[Provided data]:

++++++++

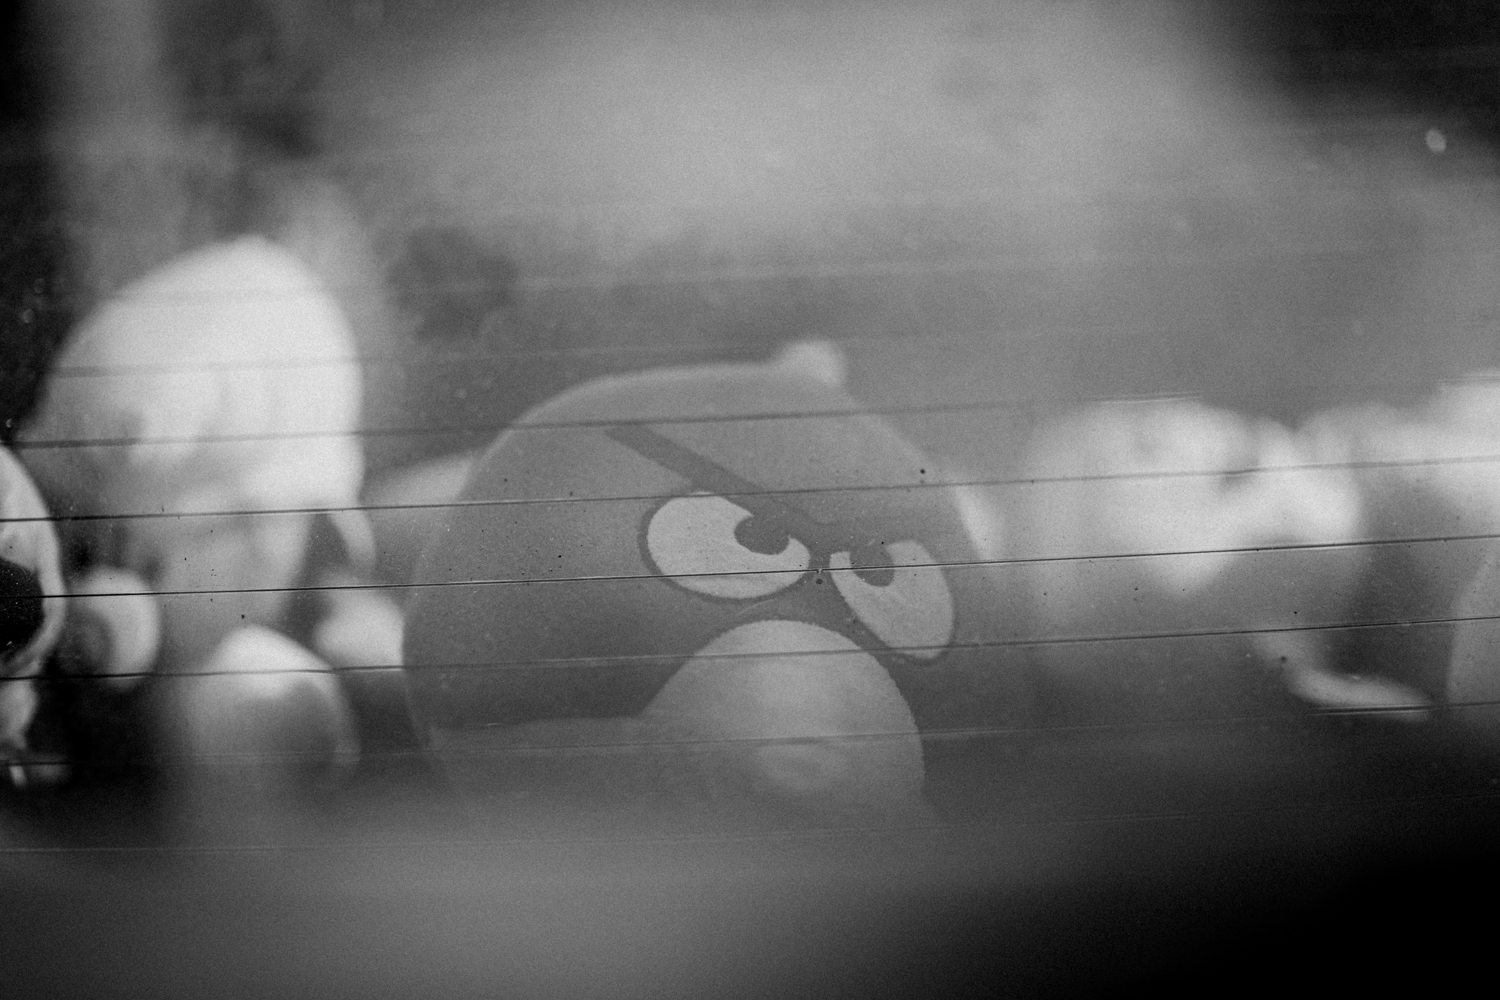 Dashboard toys in Malaysia are common, angry bird photo in black and white.
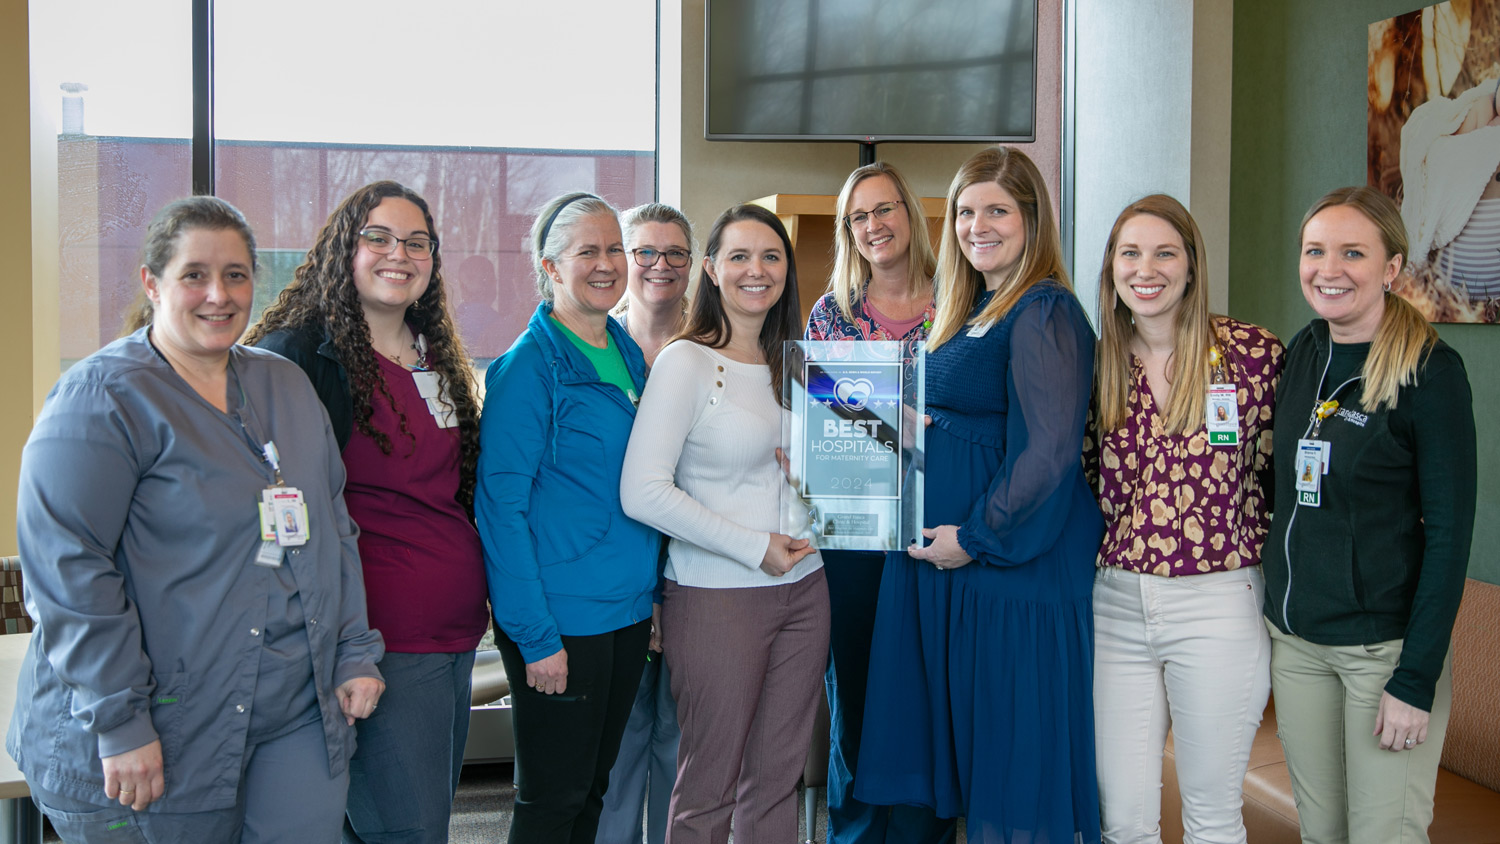 Grand Itasca staff pose with the Best Hospital Maternity Care Award
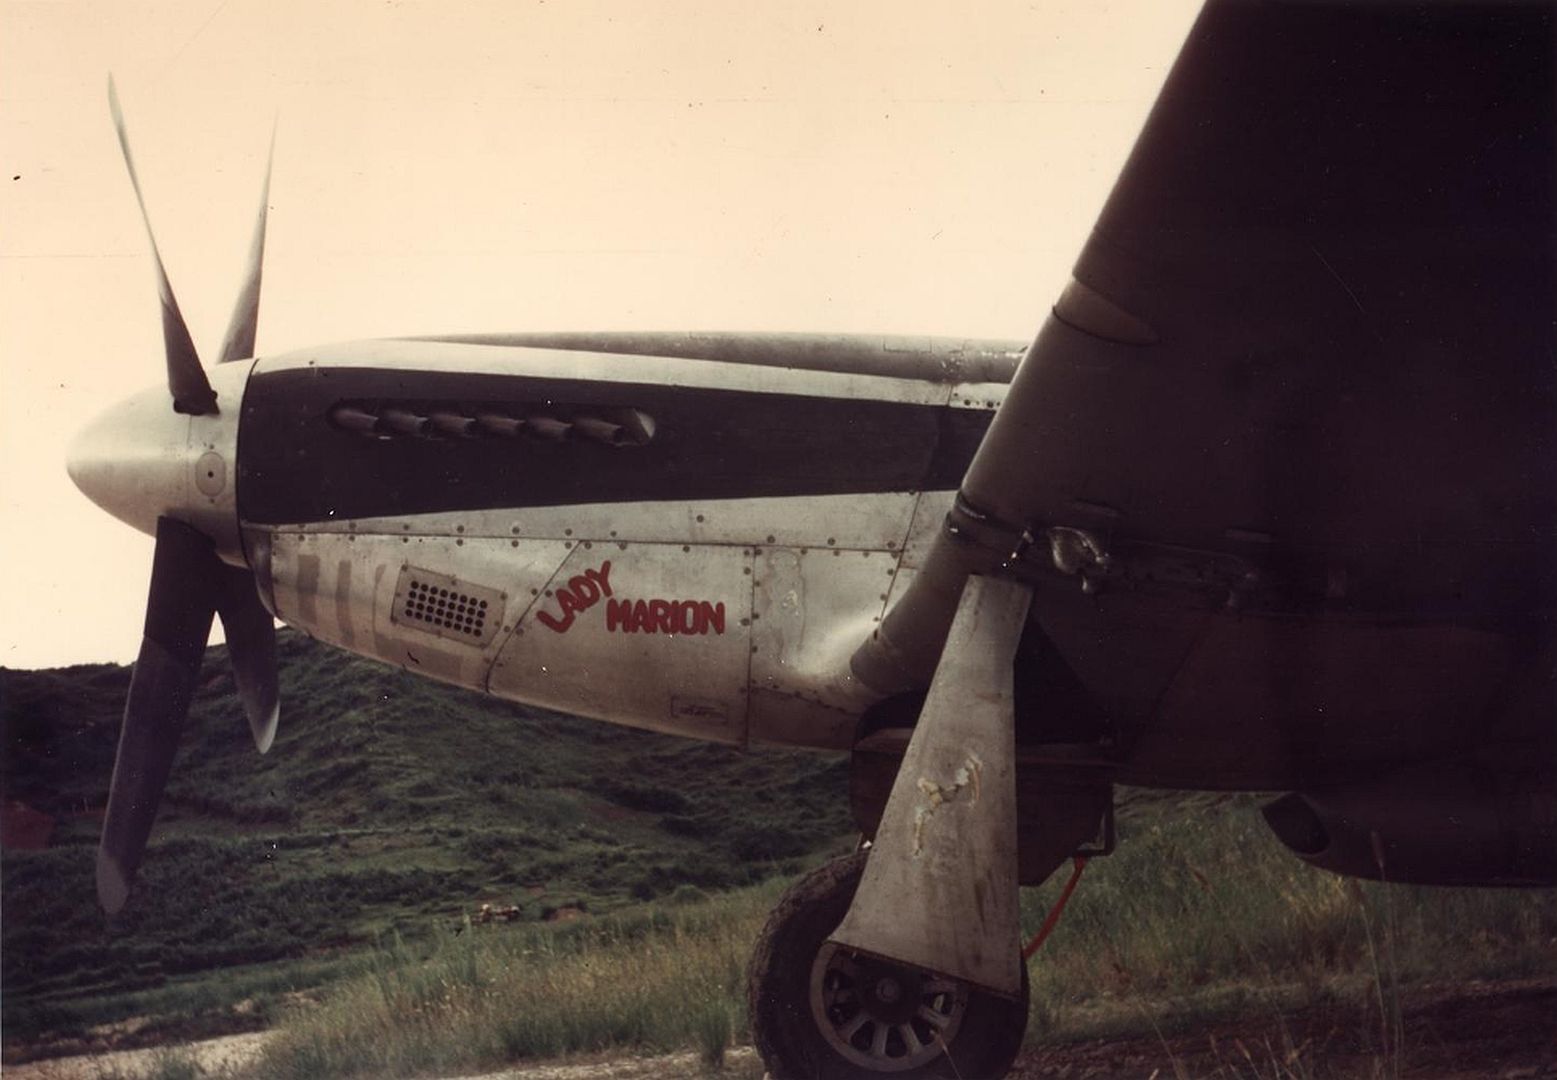  Poats North American P 51D Lady Marion On The Ground At Suichwan China Circa Early 1945
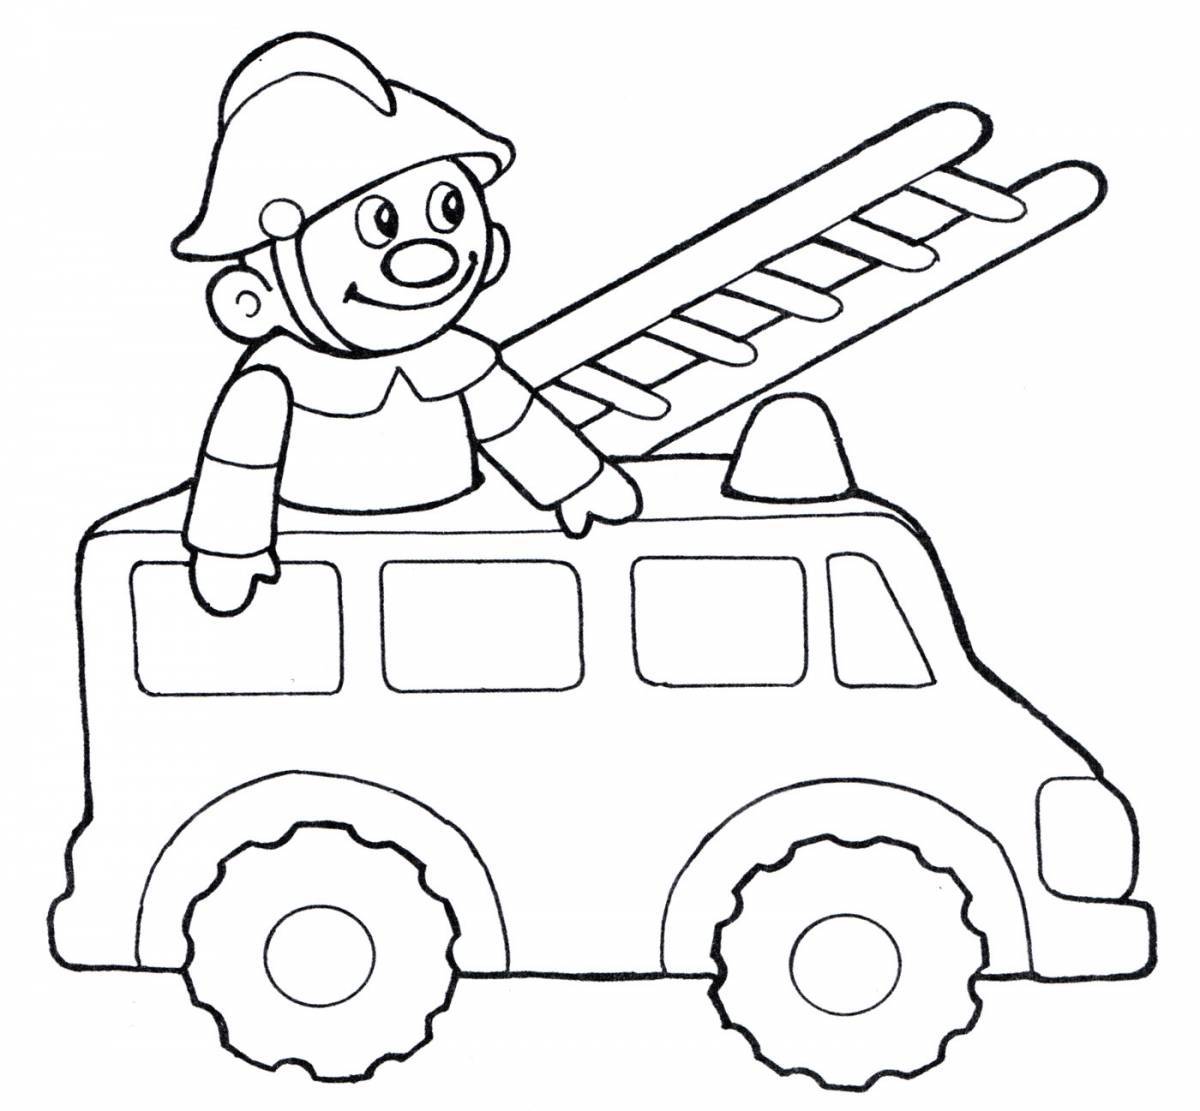 Fun fire truck coloring book for kids

++++++++

[Exercise instructions]: Output the full material exactly as given, without its pictures.

[Exercise output]:
 Dashboard toys in Malaysia are common, angry bird photo in black and white.
 Grand Itasca staff pose with the Best Hospital Maternity Care Award
  Poats North American P 51D Lady Marion On The Ground At Suichwan China Circa Early 1945
 Fun fire truck coloring book for kids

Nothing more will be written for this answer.